By jhpark_inha, history, 2 months ago, ,

According to the 1327B's solution, O(n+m) is taken.

But i don't think that. In this situation,

N = 100'000 1st princess can marry 1 2 3 4 ... 100'000 2nd princess can marry 1 2 3 4 .., 100'000 . . . 100'000th princess can marry 1 2 3 4 .. 100'000

Total time complexity will be O(N^2), if i understood that solution correct.

Can you help me?

• +7

 » 2 months ago, # |   +12 Blog commentsIn attempt to improve the asking-for-help blogs here in CF, I'll start with a summary of good and bad points of your blog.Good: Stated the question clearly and provided an example Reasonable English, formatting and politeness Bad: You should link the problem and editorial instead of just giving its code Ideally give a summary of the solution as you understand it. This will save time and also make it clear if you misunderstood some part of the solution.
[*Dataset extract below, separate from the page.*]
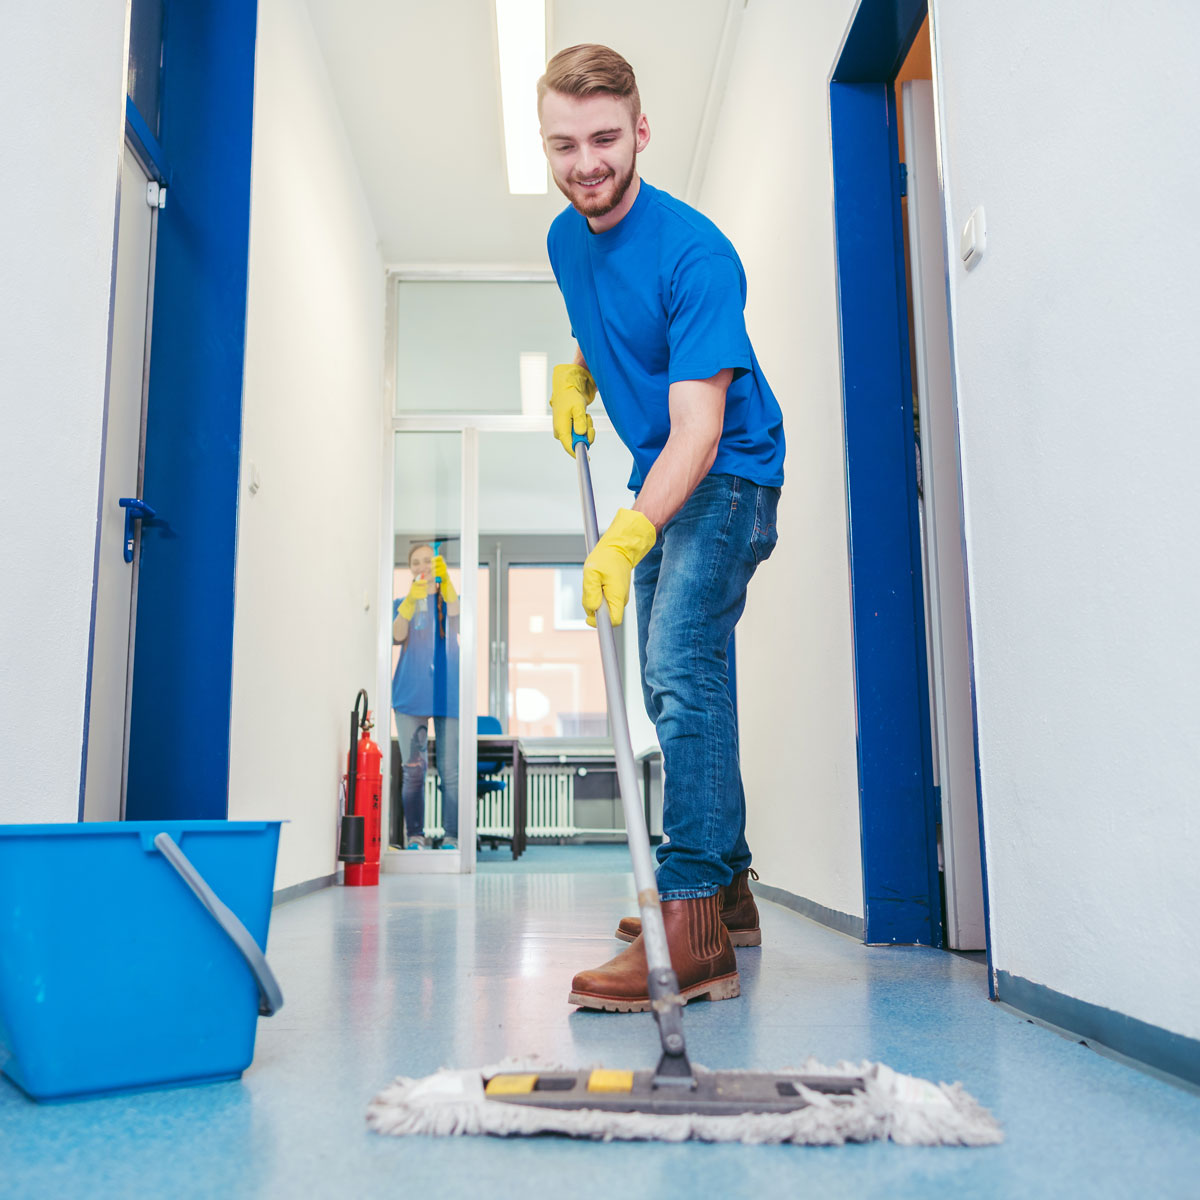 Man mopping a hallway wearing a blue t-shirt.

Actual helpIn the editorial $m$ indicates the total number of kingdoms across all lists. In your example case you would have $n$ lists of $n$ kingdoms so a test of size $n^2$ — which is not allowed. You can see the constraints say that the total number of kingdoms in all lists across all tests is at most $10^5$, while $n^2$ in your test would be $10^{10}$.So if your example were valid, it would indeed be $O(n^2)$, but we would also have $m=n^2$ and so $O(n+m)=O(n+n^2)=O(n^2)$ would be the same thing. The claim that it is $O(n+m)$ is indeed correct.
 » 2 months ago, # | ← Rev. 2 →   +10 Thank you for your comments and I will keep in mind your comments.I had misunderstood that constraints "the total number of kingdoms in all lists across all tests is at most 10^5"Thank you very much.
•  » » 2 months ago, # ^ |   +1 By the way, you should press the "Reply" button with underline to reply someone so that he/she can get a notification of your reply.